Required action ▸ What the task requires is an exact printout of the listing below, pictures excluded.

Data ▸
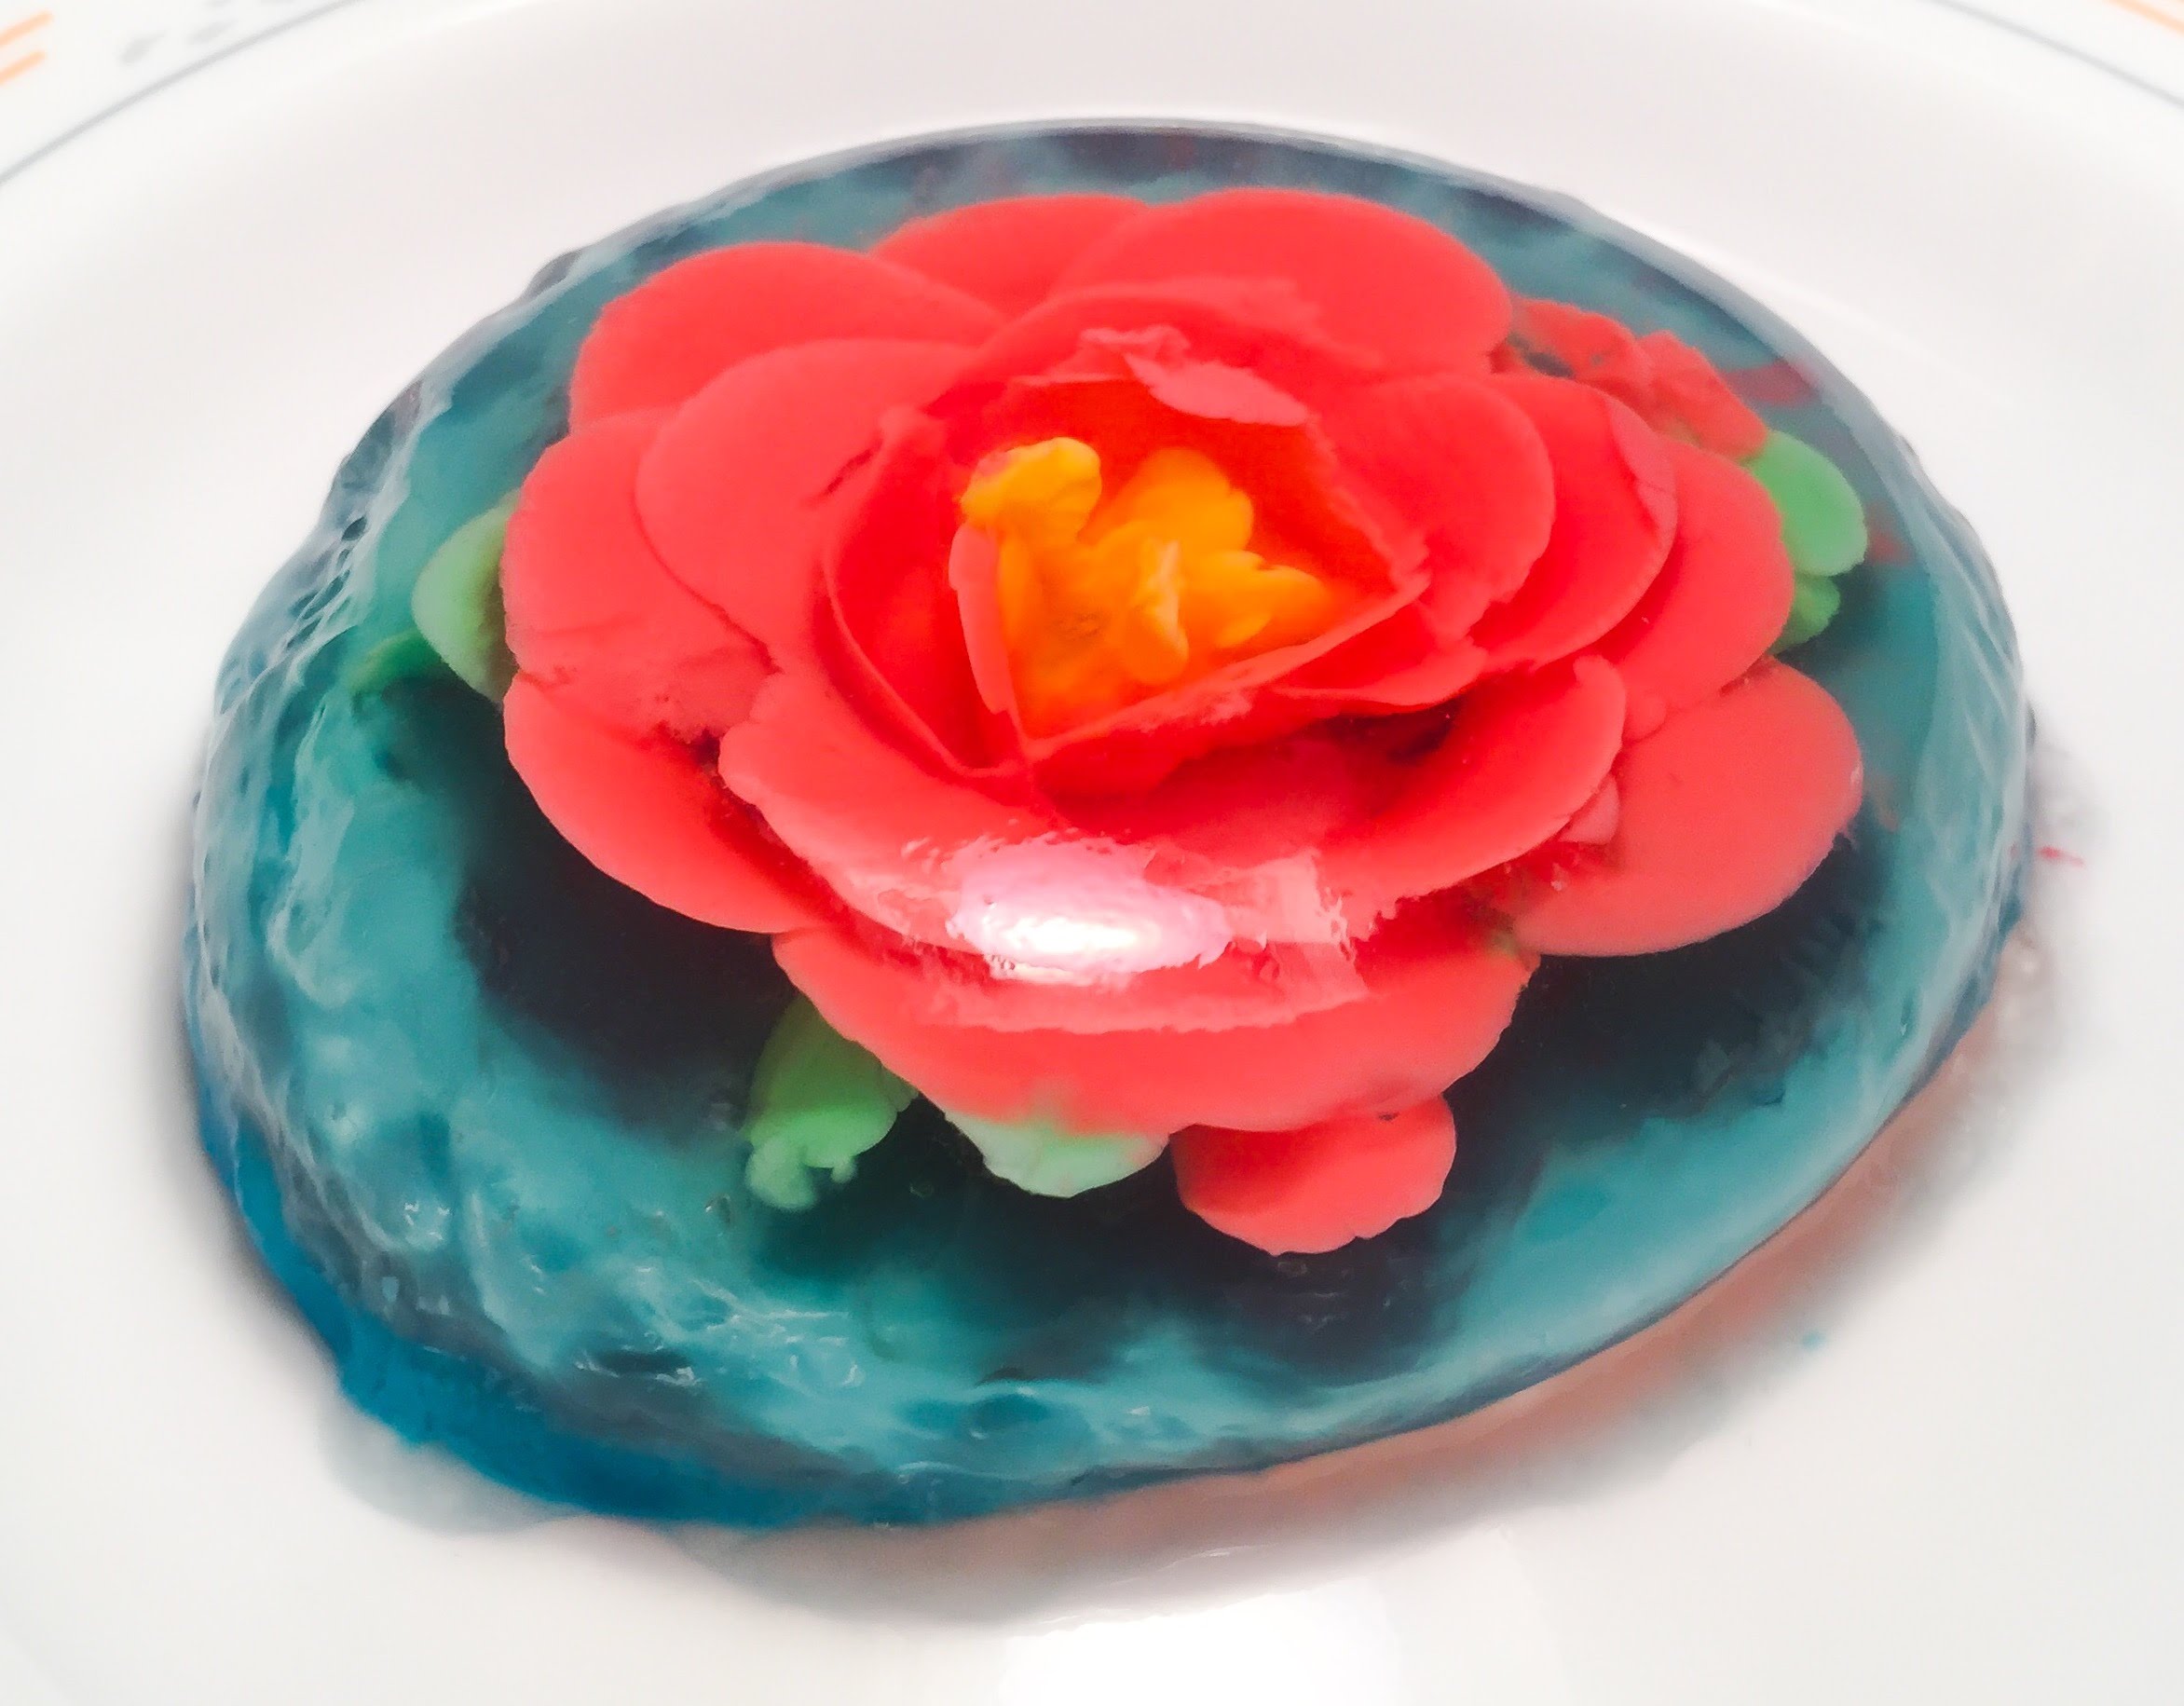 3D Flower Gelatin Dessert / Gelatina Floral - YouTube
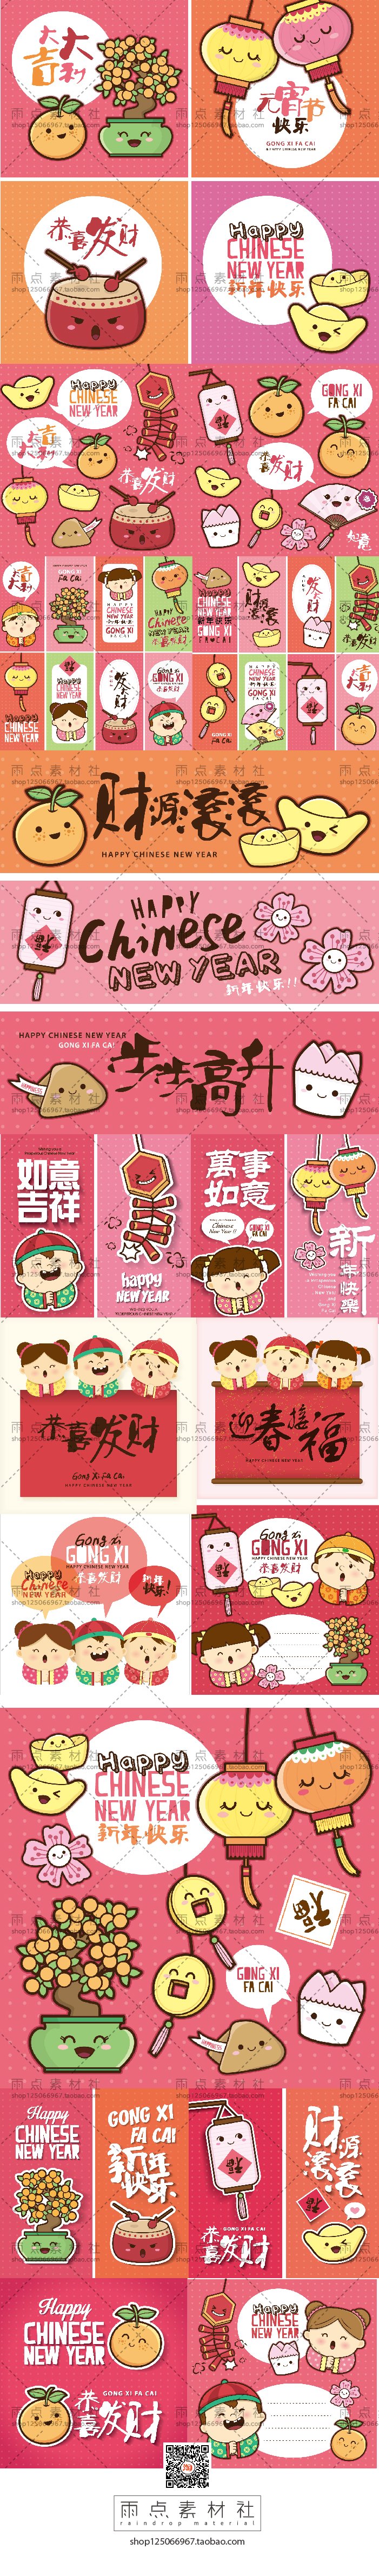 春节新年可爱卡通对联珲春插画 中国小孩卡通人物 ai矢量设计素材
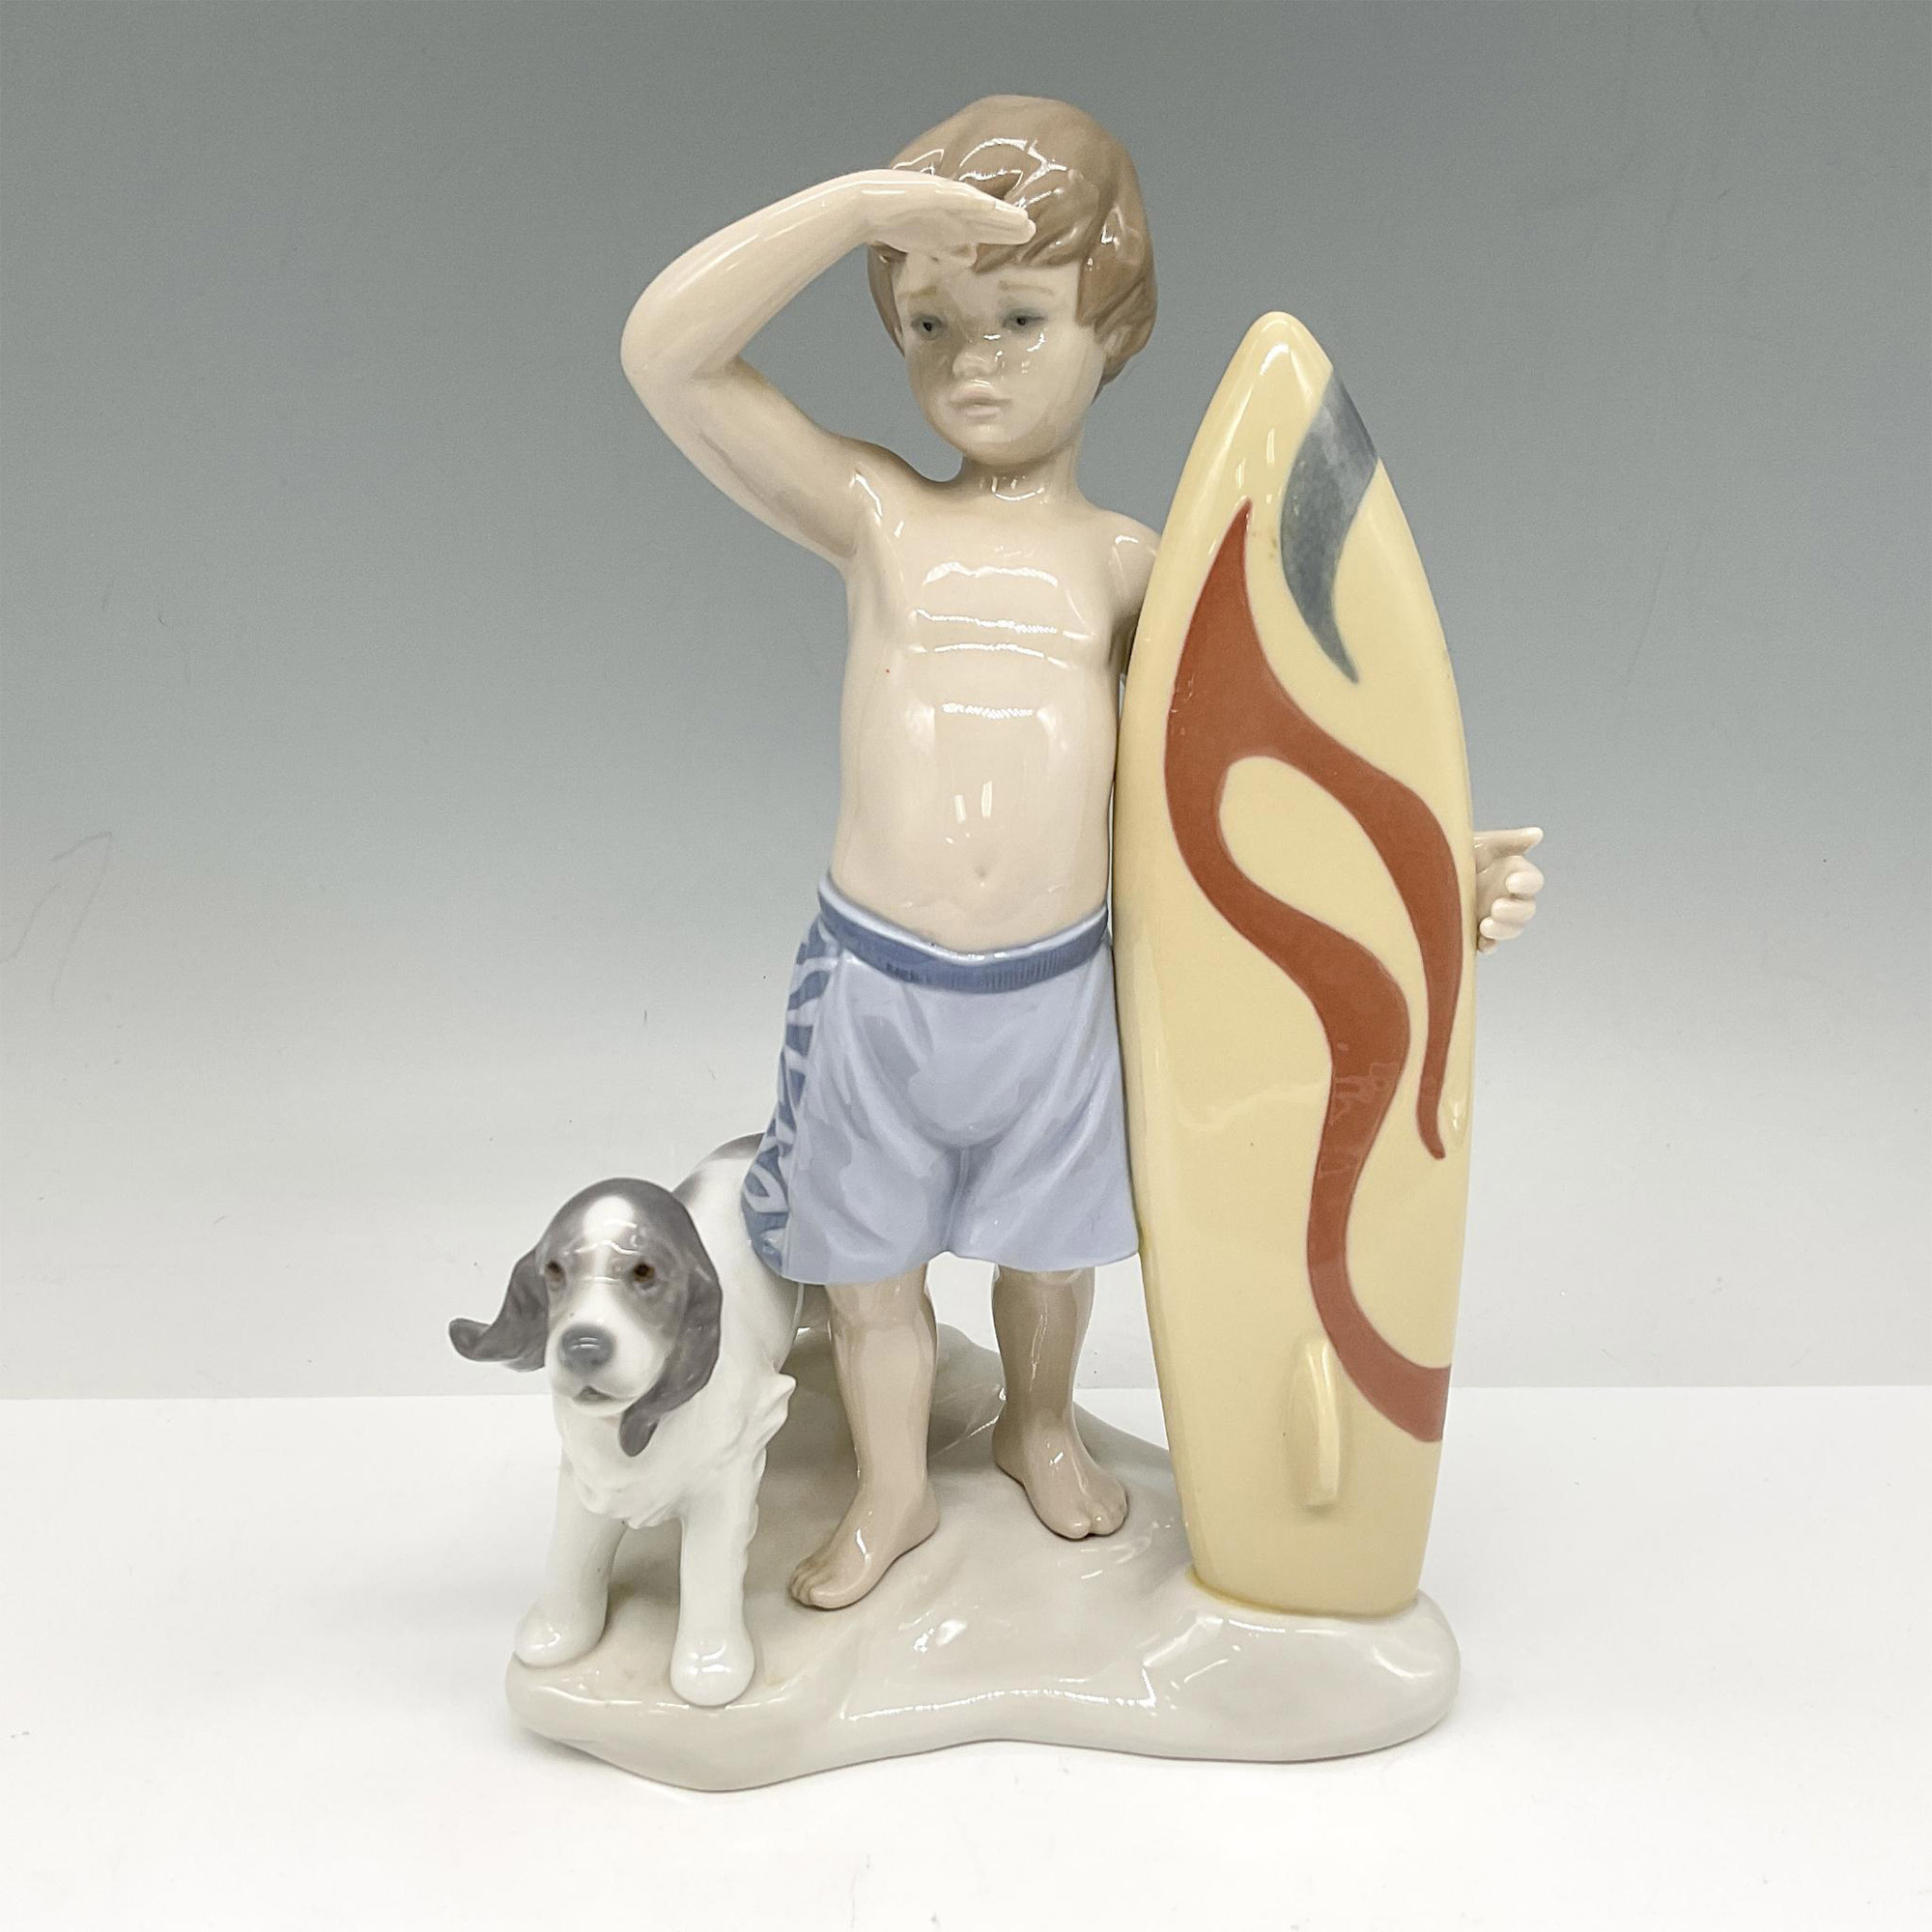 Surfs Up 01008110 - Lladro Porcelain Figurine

Written answer ▸
 3D Flower Gelatin Dessert / Gelatina Floral - YouTube
 春节新年可爱卡通对联珲春插画 中国小孩卡通人物 ai矢量设计素材
 Surfs Up 01008110 - Lladro Porcelain Figurine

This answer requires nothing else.